11.1.1 File Attributes
- Different OSes keep track of different file attributes, including:
- Name - Some systems give special significance to names, and particularly extensions ( .exe, .txt, etc. ), and some do not. Some extensions may be of significance to the OS ( .exe ), and others only to certain applications ( .jpg )
- Identifier ( e.g. inode number )
- Type - Text, executable, other binary, etc.
- Location - on the hard drive.
- Size
- Protection
- Time & Date
- User ID
11.1.2 File Operations
- The file ADT supports many common operations:
- Creating a file
- Writing a file
- Reading a file
- Repositioning within a file
- Deleting a file
- Truncating a file.
- Most OSes require that files be opened before access and closed after all access is complete. Normally the programmer must open and close files explicitly, but some rare systems open the file automatically at first access. Information about currently open files is stored in an open file table, containing for example:
- File pointer - records the current position in the file, for the next read or write access.

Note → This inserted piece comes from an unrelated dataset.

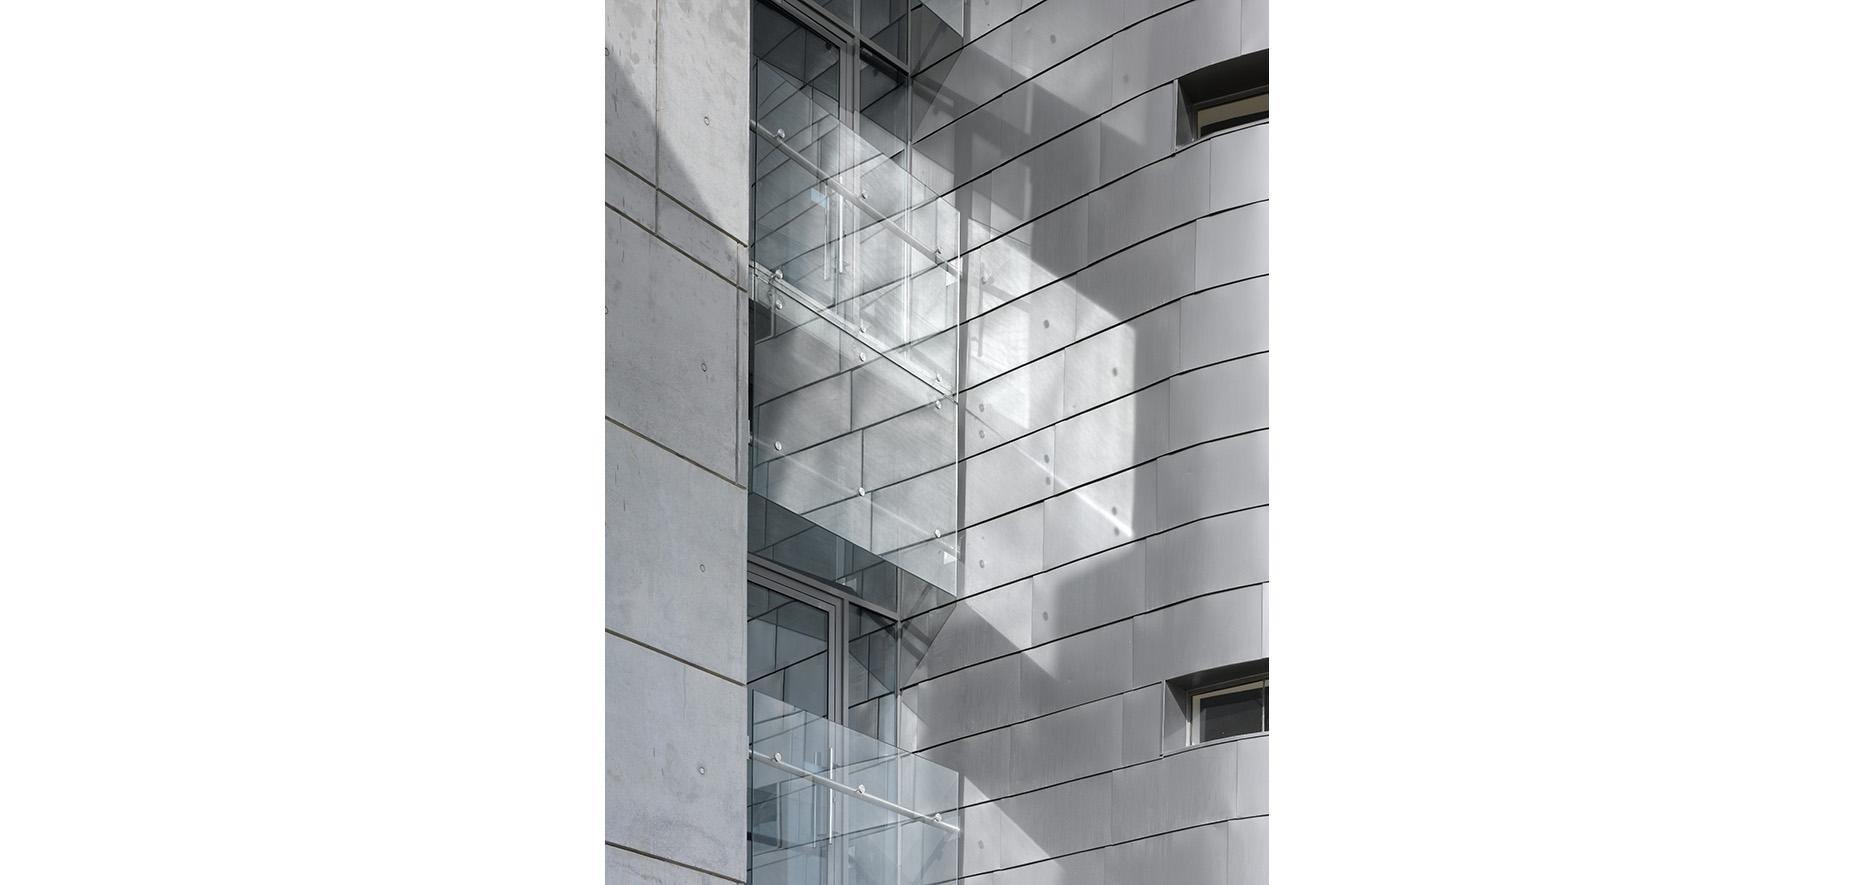 Nano Technologia Science and Technology BGU by Kolker Epstein Architect3

- File-open count - How many times has the current file been opened ( simultaneously by different processes ) and not yet closed? When this counter reaches zero the file can be removed from the table.
- Disk location of the file.
- Access rights
- Some systems provide support for file locking.
- A shared lock is for reading only.
- A exclusive lock is for writing as well as reading.
- An advisory lock is informational only, and not enforced. ( A "Keep Out" sign, which may be ignored. )
- A mandatory lock is enforced. ( A truly locked door. )
- UNIX used advisory locks, and Windows uses mandatory locks.
Figure 11.2 - File-locking example in Java.11.1.3 File Types
- Windows ( and some other systems ) use special file extensions to indicate the type of each file:
Figure 11.3 - Common file types.
- Macintosh stores a creator attribute for each file, according to the program that first created it with the create( ) system call.
- UNIX stores magic numbers at the beginning of certain files. ( Experiment with the "file" command, especially in directories such as /bin and /dev )
11.1.4 File Structure
- Some files contain an internal structure, which may or may not be known to the OS.
- For the OS to support particular file formats increases the size and complexity of the OS.
- UNIX treats all files as sequences of bytes, with no further consideration of the internal structure. ( With the exception of executable binary programs, which it must know how to load and find the first executable statement, etc. )
- Macintosh files have two forks - a resource fork, and a data fork. The resource fork contains information relating to the UI, such as icons and button images, and can be modified independently of the data fork, which contains the code or data as appropriate.
11.1.5 Internal File Structure
- Disk files are accessed in units of physical blocks, typically 512 bytes or some power-of-two multiple thereof. ( Larger physical disks use larger block sizes, to keep the range of block numbers within the range of a 32-bit integer. )
- Internally files are organized in units of logical units, which may be as small as a single byte, or may be a larger size corresponding to some data record or structure size.
- The number of logical units which fit into one physical block determines its packing, and has an impact on the amount of internal fragmentation ( wasted space ) that occurs.
- As a general rule, half a physical block is wasted for each file, and the larger the block sizes the more space is lost to internal fragmentation.
11.2.1 Sequential Access
- A sequential access file emulates magnetic tape operation, and generally supports a few operations:
- read next - read a record and advance the tape to the next position.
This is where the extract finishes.